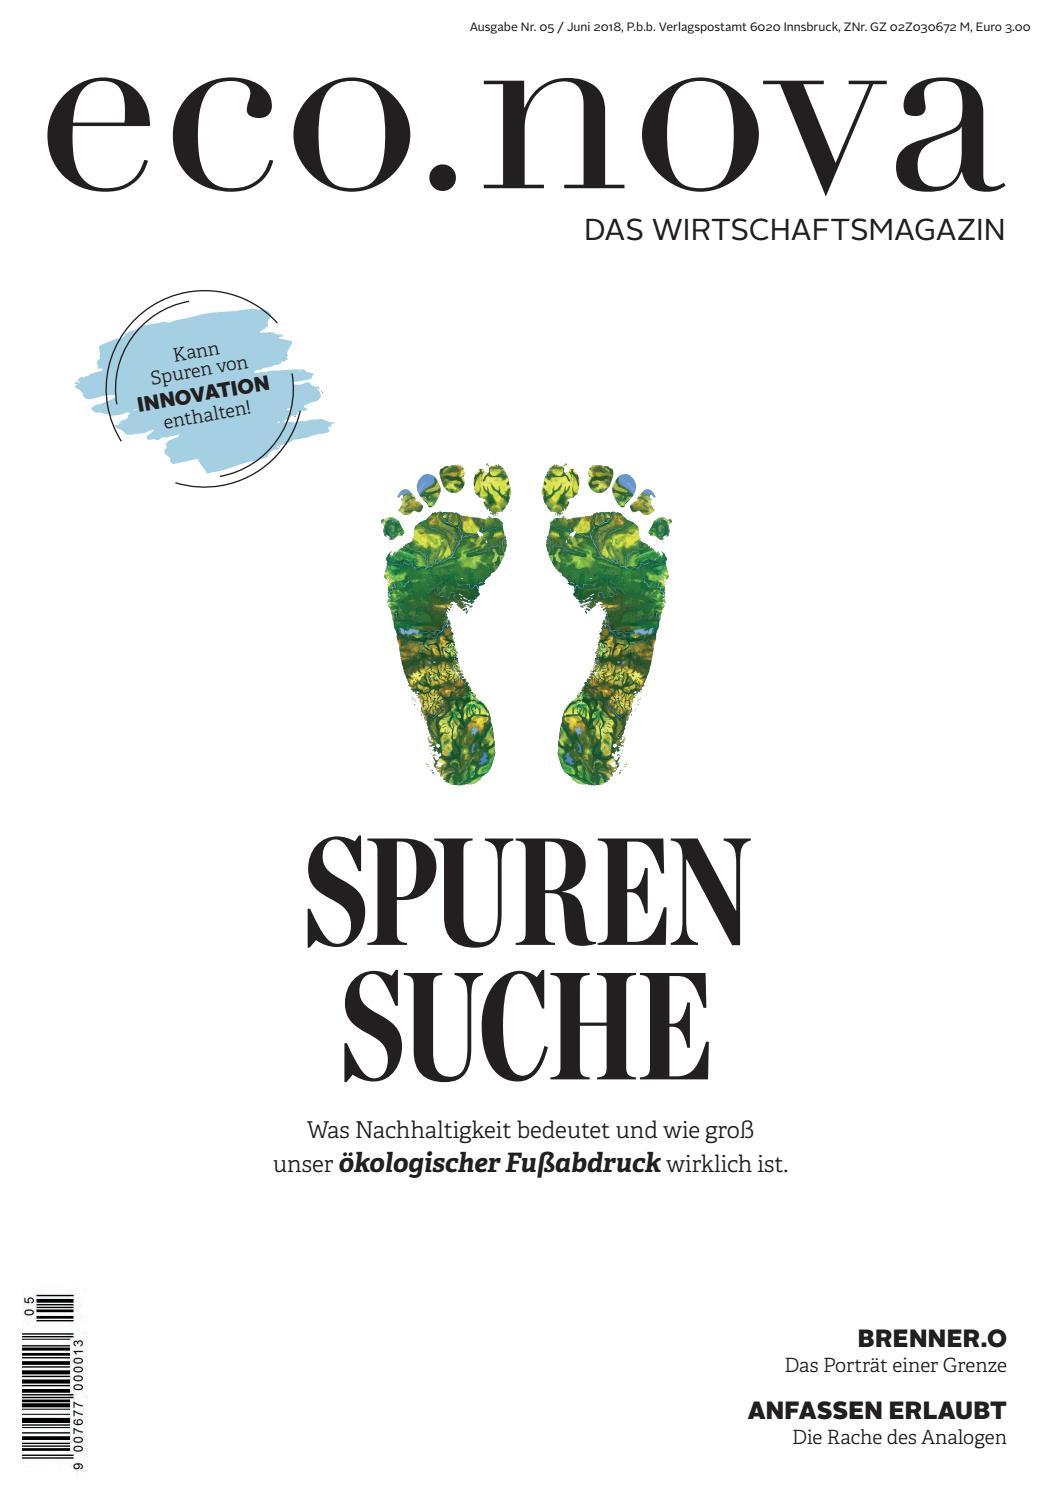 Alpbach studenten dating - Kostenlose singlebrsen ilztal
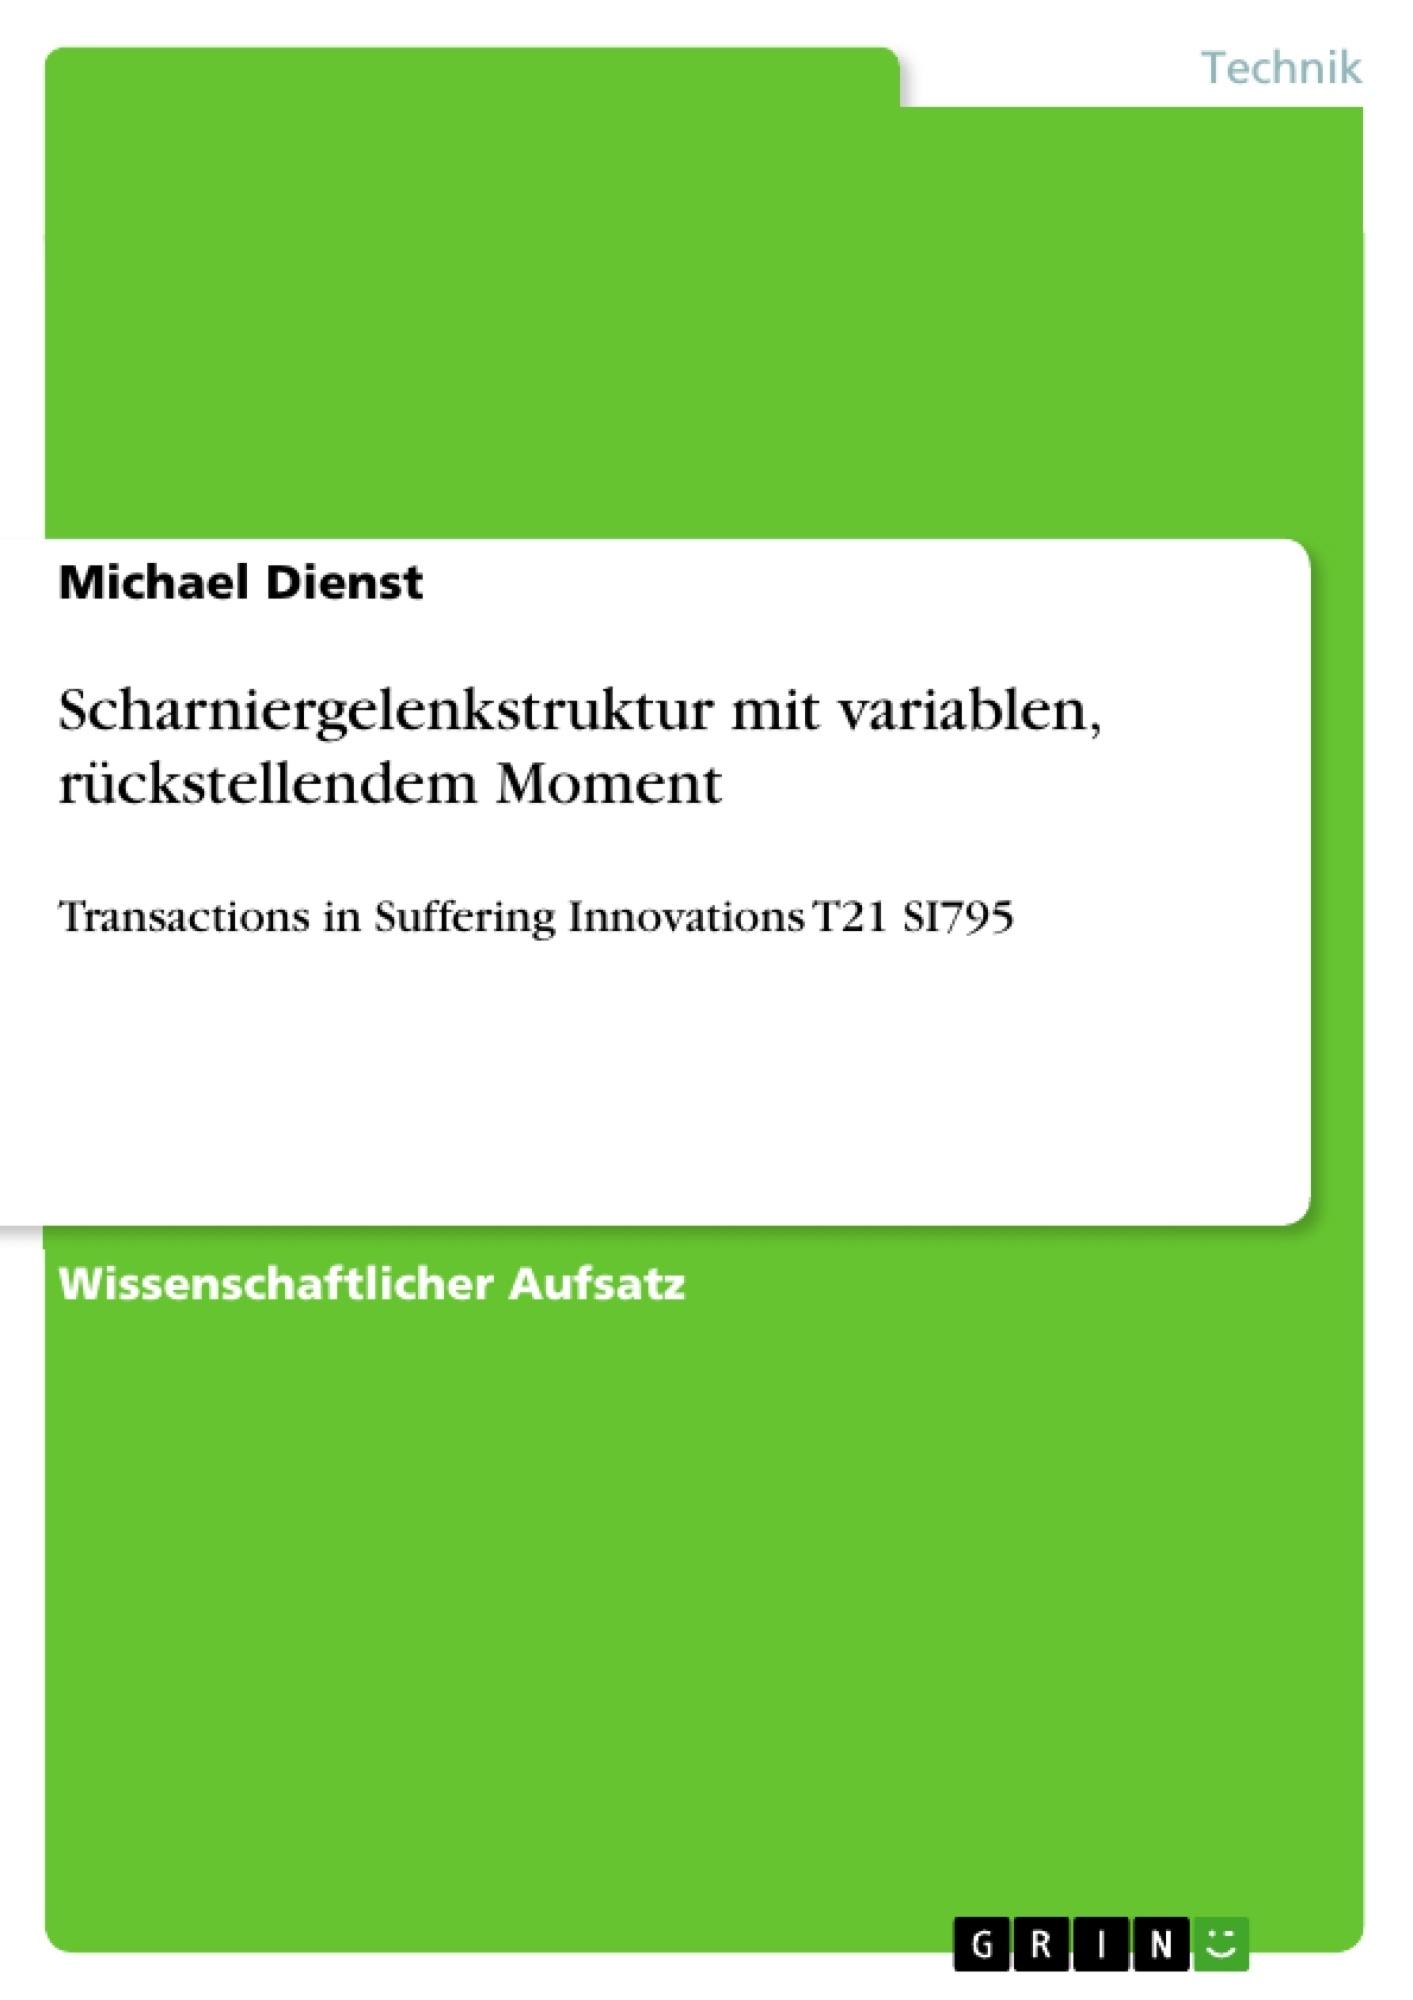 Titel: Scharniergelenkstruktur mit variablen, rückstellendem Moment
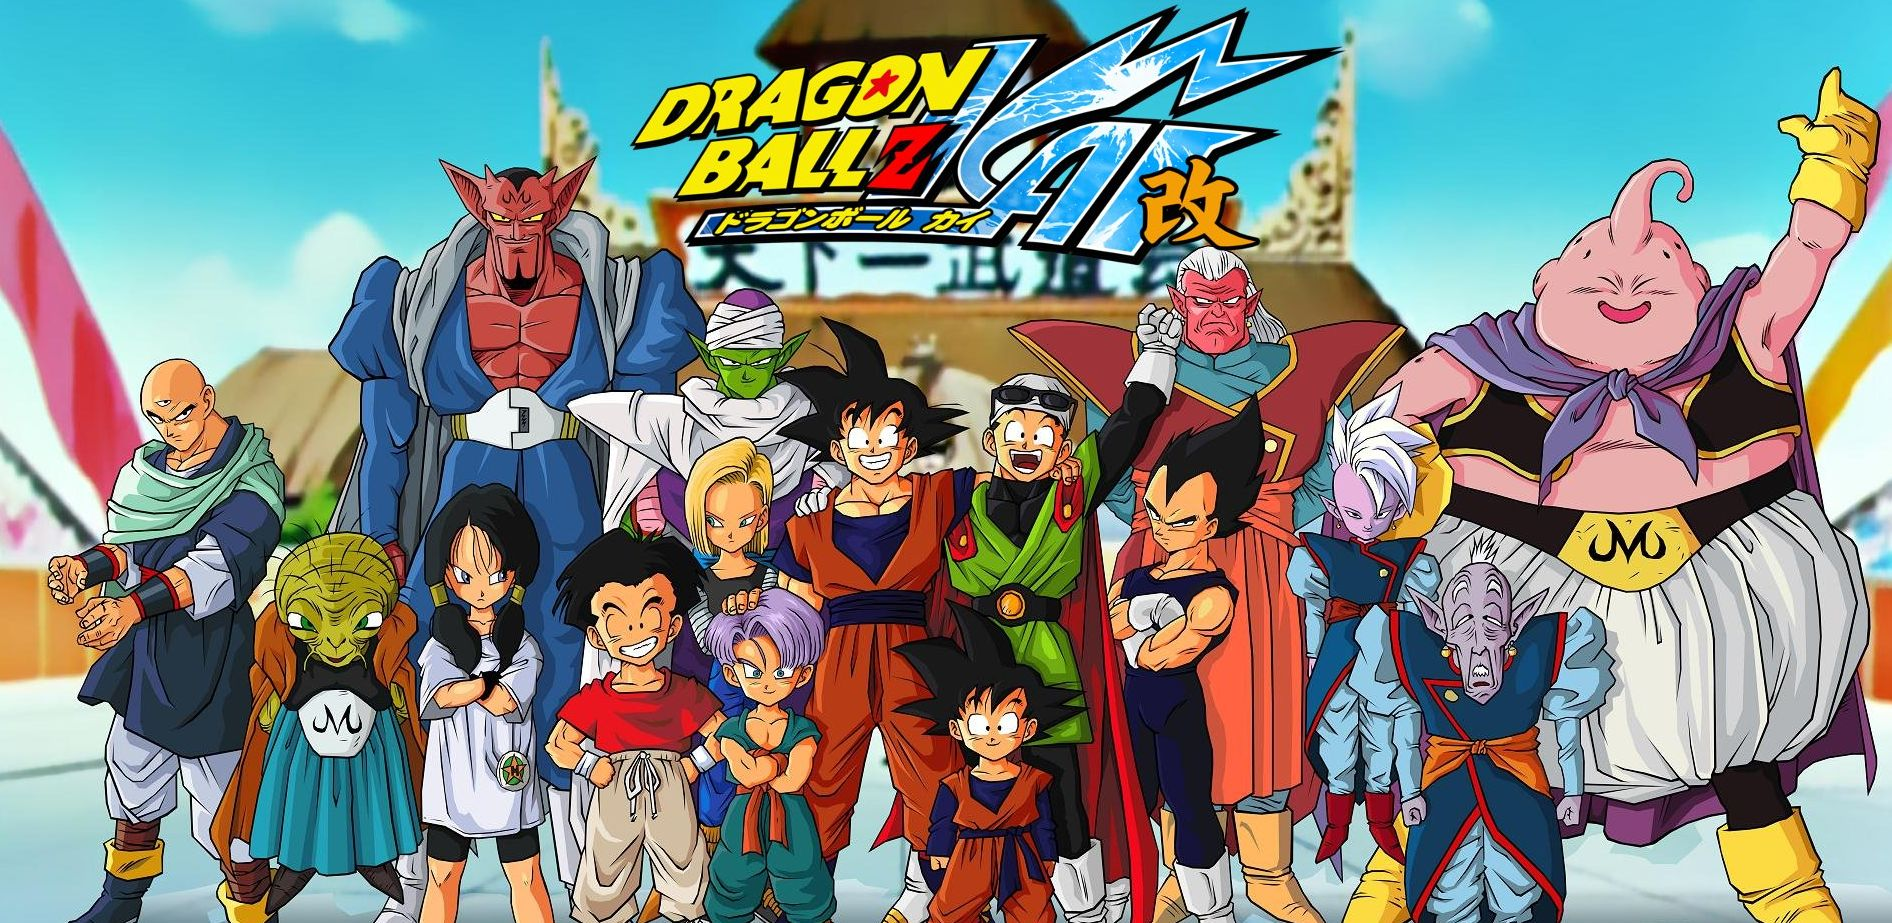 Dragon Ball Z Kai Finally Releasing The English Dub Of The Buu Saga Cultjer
####
= TO DO =
Make an exact copy of the listing, with no images in it.

= RESULT BELOW =
 Alpbach studenten dating - Kostenlose singlebrsen ilztal
 Titel: Scharniergelenkstruktur mit variablen, rückstellendem Moment
 Dragon Ball Z Kai Finally Releasing The English Dub Of The Buu Saga Cultjer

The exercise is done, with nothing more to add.